SUPPLIED DATA section start
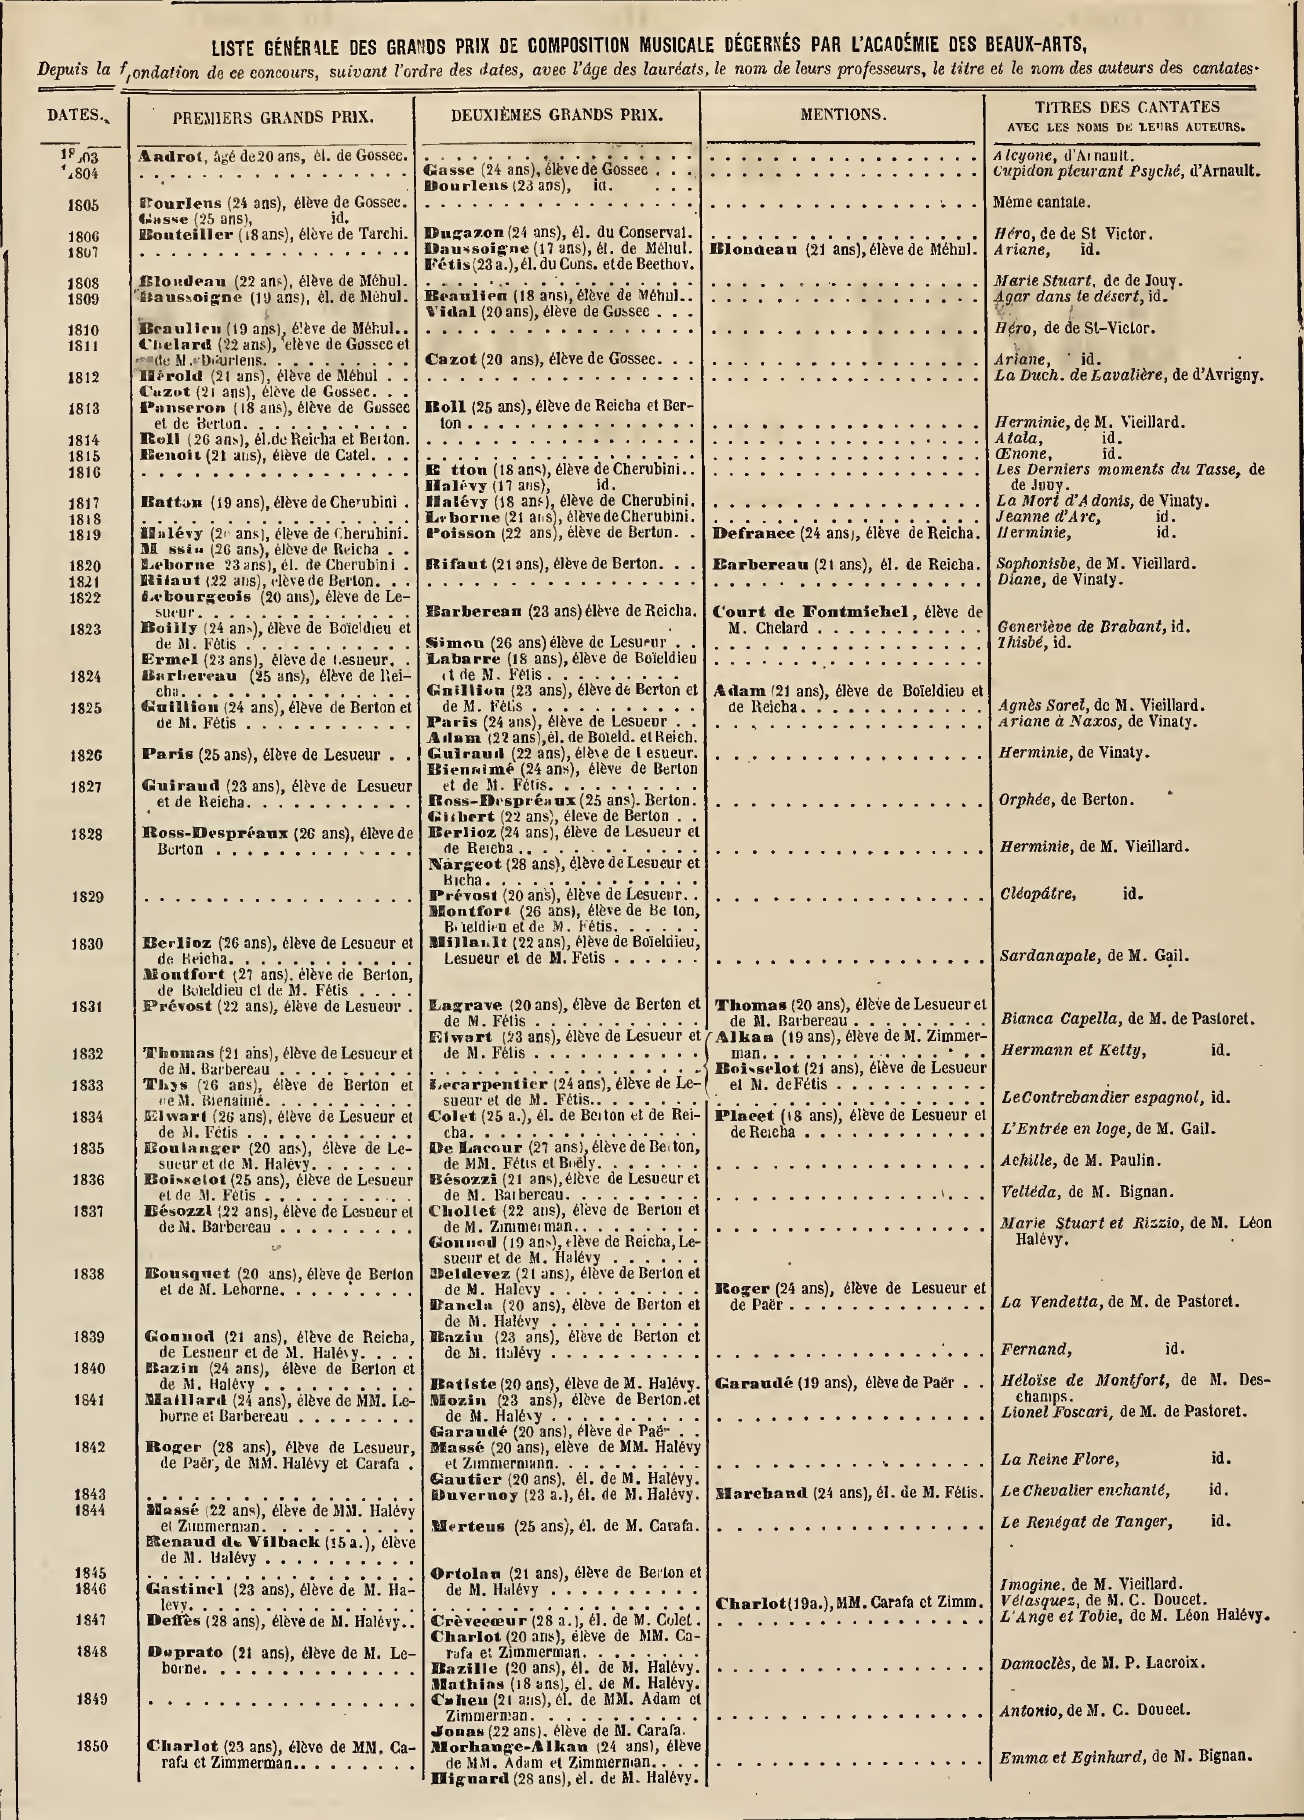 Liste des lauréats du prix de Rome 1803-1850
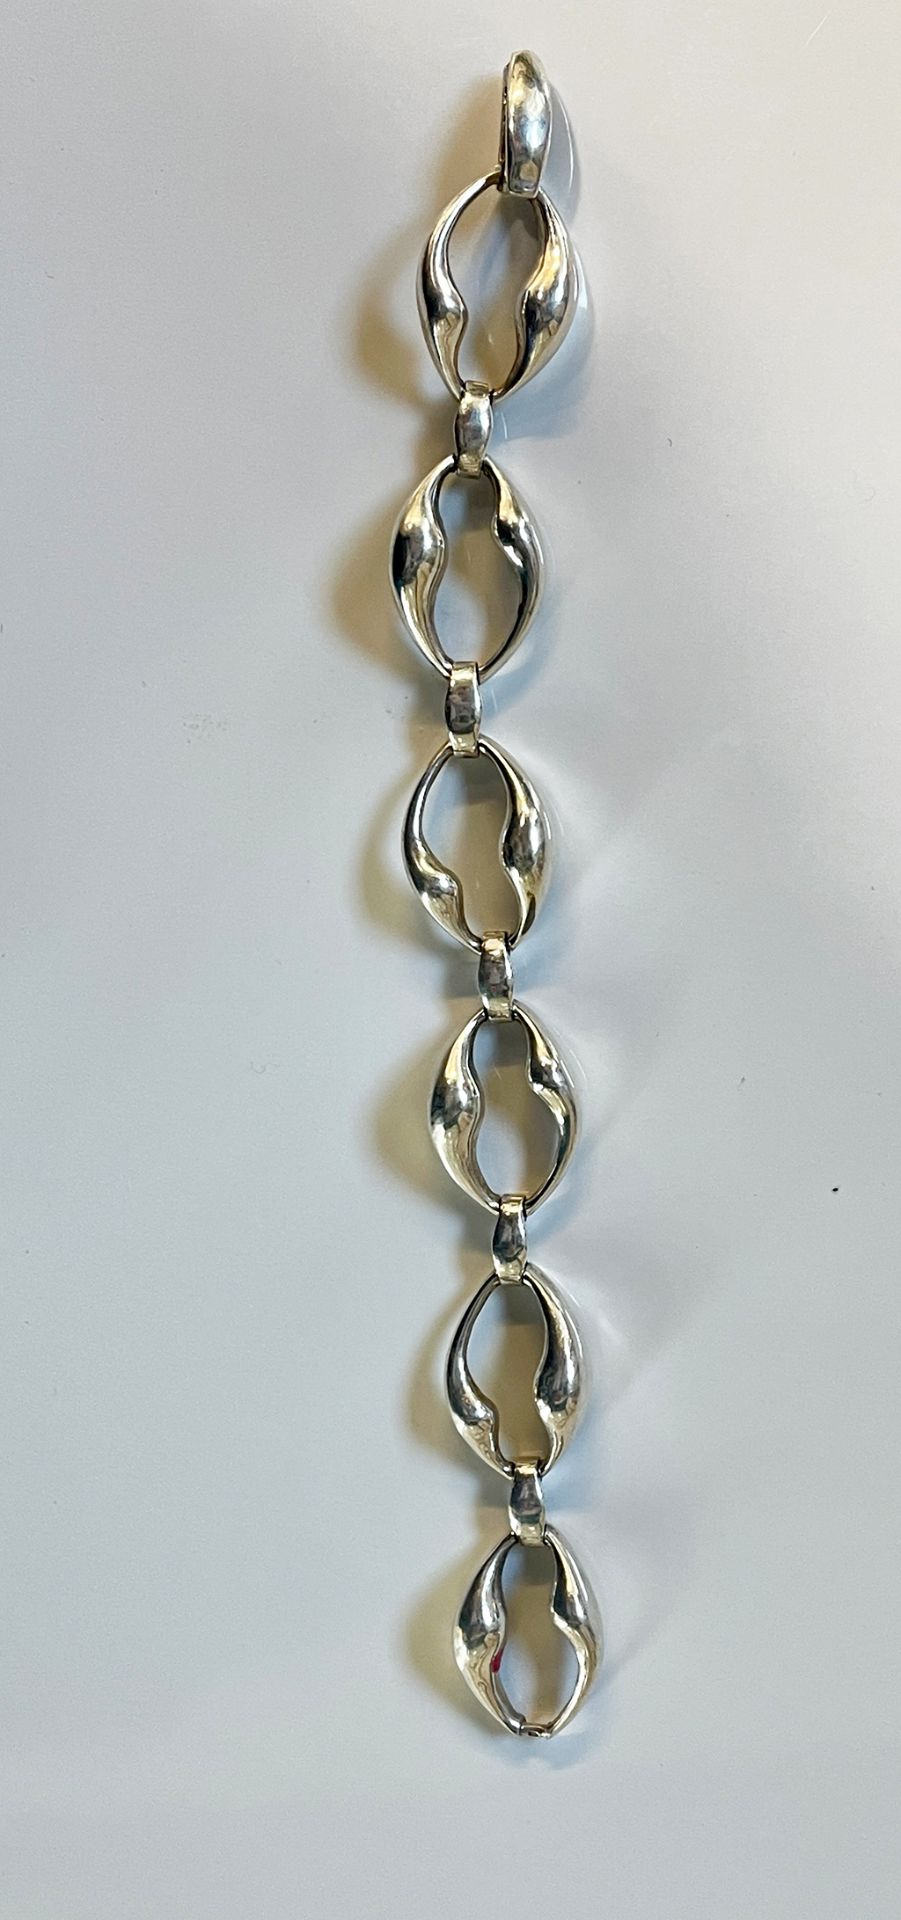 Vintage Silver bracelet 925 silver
SUPPLIED DATA section end
SUPPLIED DATA section start
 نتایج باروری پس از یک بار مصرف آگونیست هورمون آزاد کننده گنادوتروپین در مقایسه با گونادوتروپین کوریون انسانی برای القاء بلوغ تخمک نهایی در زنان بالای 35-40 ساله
SUPPLIED DATA section end
* TASK STATEMENT
Print exactly the lines above that run from the one with "Liste des lauréats du prix de Rome 1803-1850" down to the one with "Vintage Silver bracelet 925 silver", and omit the pictures.

* WRITTEN RESPONSE
 Liste des lauréats du prix de Rome 1803-1850
 Vintage Silver bracelet 925 silver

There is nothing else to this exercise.